Say, Dave never wrote about the Stylites (Pillar Saints,) did he? If not, he should have, since he’s attempting to become the modern-day equivalent of a pillar-sitting religious ascetic, shouting to the crowds below and living a life of worldly denial.

I remember a movie from years ago where a traveler happened upon a religious ascetic hermit that had been sitting in a cauldron of oil for years and years, with the vague idea of withering his penis away in the oil.

That’s Dave Sim these days. Anybody remember that movie?

I never saw the movie, but I read the novelisation. It’s Circle of Iron, and the scene as written is hilarious.

Yeah, this is a common response I get when I read some particularly huffy piece of blowhardism that somebody who’s used to having a media megaphone to spew his opinions has come up with.
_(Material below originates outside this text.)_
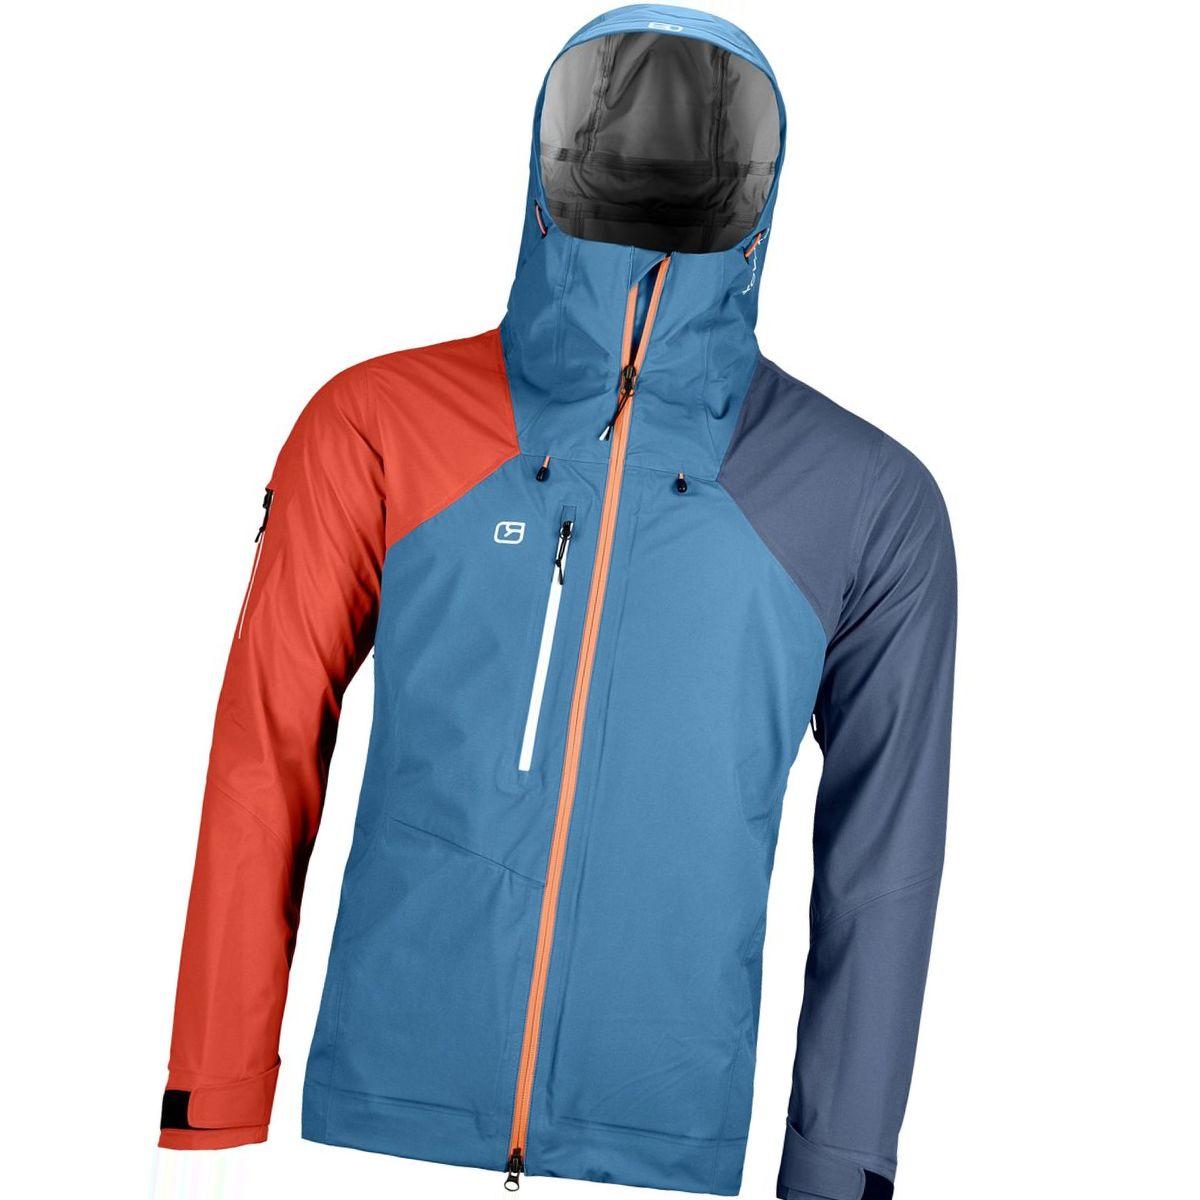 Ortovox 3L Ortler Jacket - Men's

I wonder how long they’d last if they had to run their opinions through a public discussion board where people who think your ideas are full of, er, baloney, can say so and then explain why at length with circles and arrows on the back to show everyone that you’re full of baloney.

I think a guy like Sims wouldn’t last a week in the SDMB. He’d feel like he’d been through a meat grinder by the end of it.

No he wouldn’t.

He’d be one of those types who continues to insist that we don’t see the brilliance of his arguments because we’re not smart enough to understand it or we’ve been mind-controlled by the ‘media’ (run by women this time and not jews) to be unable to think logically about the issue.

That sort of smugness…you know what I mean?

That’s it! Thanks! I seem to remember the look on Carradine’s face when the guy in the oil leaned back to show him that he’d damn near succeeded in his penile, um, dissolution.